Brookes M J, Morris P G, Gowland P A, Francis S T
Sir Peter Mansfield Magnetic Resonance Centre, School of Physics and Astronomy, University of Nottingham, Nottingham, UK.
Magn Reson Med. 2007 Jul;58(1):41-54. doi: 10.1002/mrm.21199.
This paper describes a method of noninvasively measuring regional arterial cerebral blood volume fractions (CBV(a)) in vivo using the combination of Look-Locker echo-planar imaging (LL-EPI) with arterial spin labeling (ASL). Using this technique the arterial inflow curve is rapidly sampled and the regional CBV(a) is measured, while tissue perfusion signals are suppressed. Two methods of spin labeling (LL-EPI flow-sensitive alternating inversion recovery (LL-EPI-FAIR) and LL-EPI signal targeting using alternating radiofrequency (LL-EPI-STAR)) are assessed and their advantages discussed. The application of vascular crushing to LL-EPI-FAIR is described and used to validate the insensitivity of the sequence to the perfusion difference signal. LL-EPI-STAR is used to assess changes in CBV(a) in response to a finger-tapping task. LL-EPI-STAR signal difference curves are shown to have a shortened vascular transit delay and increased peak signal change on activation. A 33 +/- 14% increase in CBV(a) on activation is found. CBV(a) is measured with a 6-s temporal resolution and the temporal response is compared with the BOLD signal change. CBV(a) is shown to increase more rapidly and return to baseline significantly faster than the BOLD signal change, which supports the suggestion that a change in CBV(a) is an input to the BOLD response.

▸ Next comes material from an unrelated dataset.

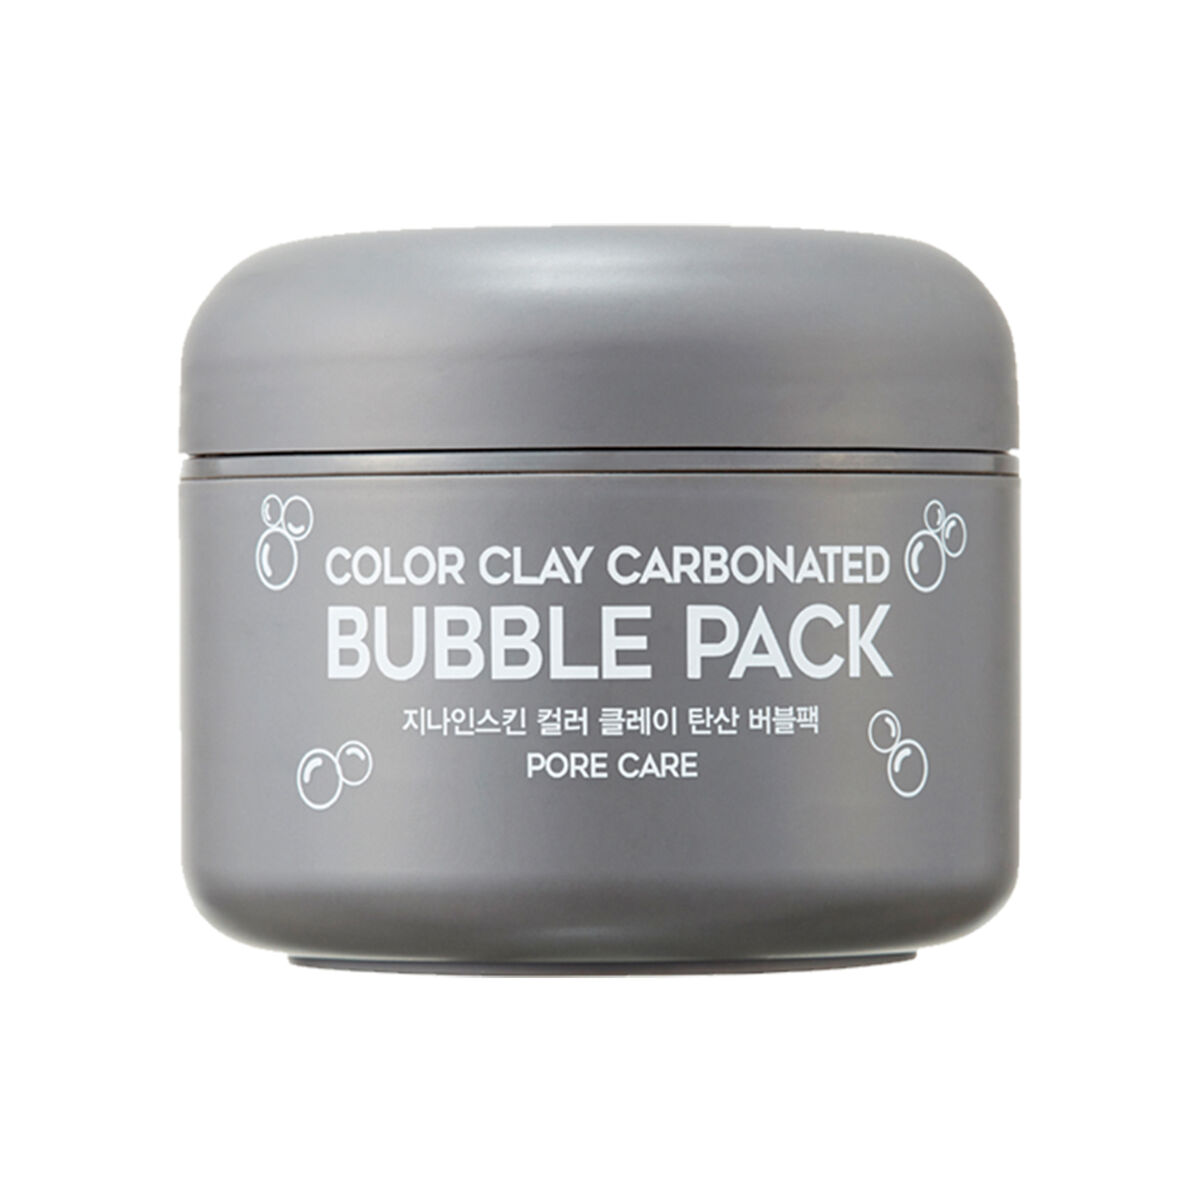 Mascarilla Facial Color Clay Carbonated Bubble Pack G9Skin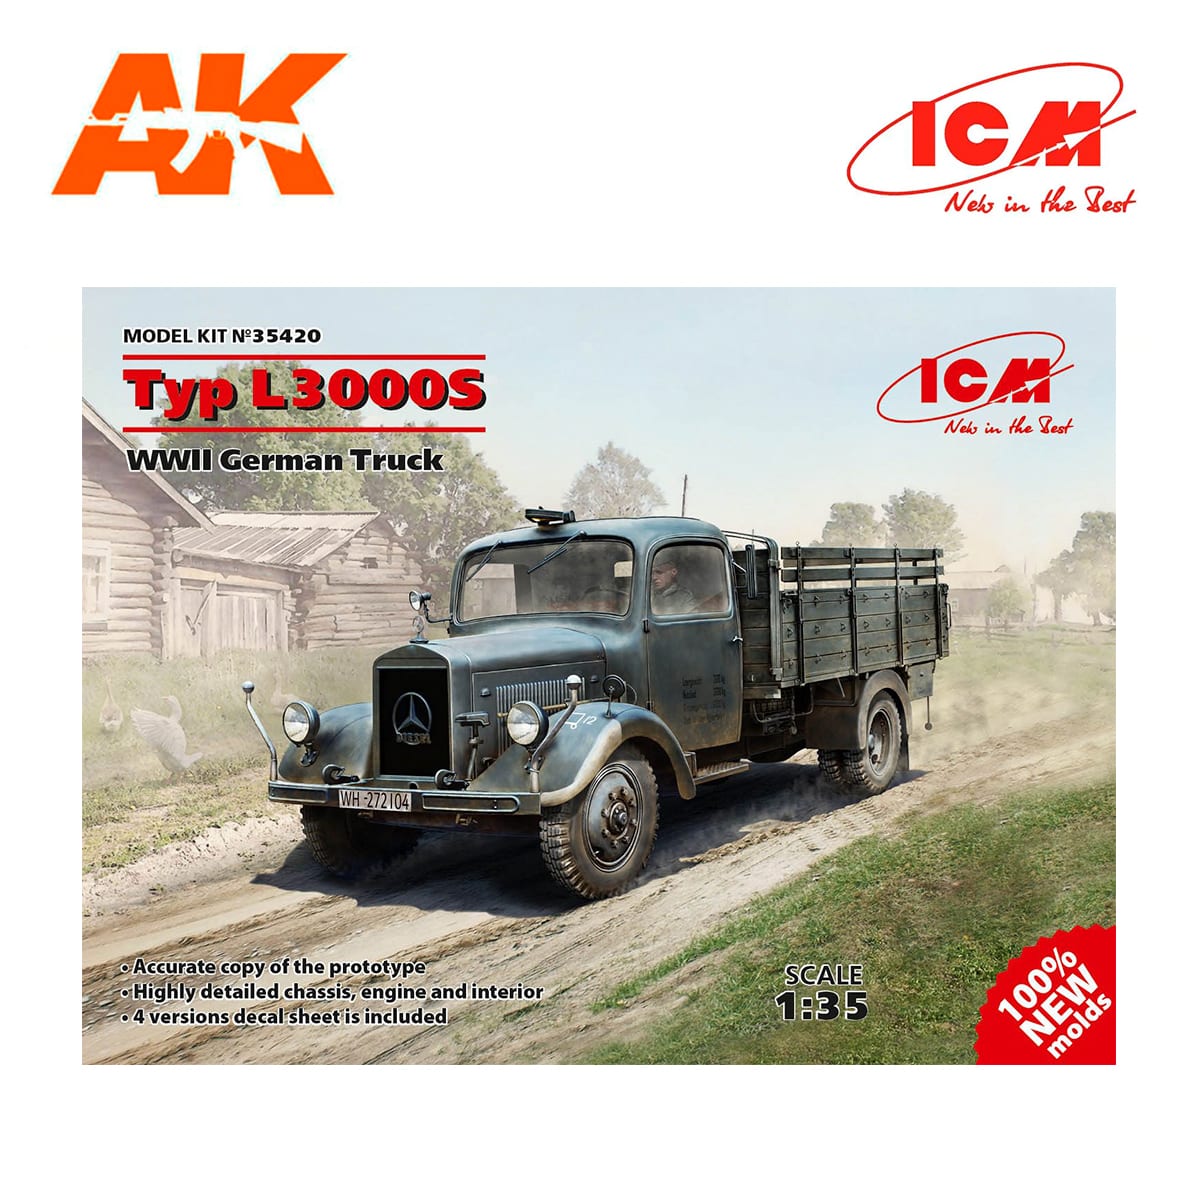 Typ L3000S, WWII German Truck (100% new molds) 1/35

本文描述了一种结合使用Look-Locker回波平面成像(LL-EPI)与动脉自旋标记(ASL)在体无创测量局部动脉脑血容量分数(CBV(a))的方法。利用该技术可快速采集动脉流入曲线并测量局部CBV(a),同时抑制组织灌注信号。评估了两种自旋标记方法(LL-EPI血流敏感交替反转恢复(LL-EPI-FAIR)和使用交替射频的LL-EPI信号靶向(LL-EPI-STAR))并讨论了它们的优点。描述了将血管阻断应用于LL-EPI-FAIR并用于验证该序列对灌注差异信号的不敏感性。LL-EPI-STAR用于评估响应手指敲击任务时CBV(a)的变化。LL-EPI-STAR信号差异曲线显示在激活时血管通过延迟缩短且峰值信号变化增加。发现激活时CBV(a)增加了33±14%。以6秒的时间分辨率测量CBV(a),并将时间响应与BOLD信号变化进行比较。结果表明CBV(a)比BOLD信号变化增加得更快且显著更快地恢复到基线,这支持了CBV(a)的变化是BOLD反应输入的观点。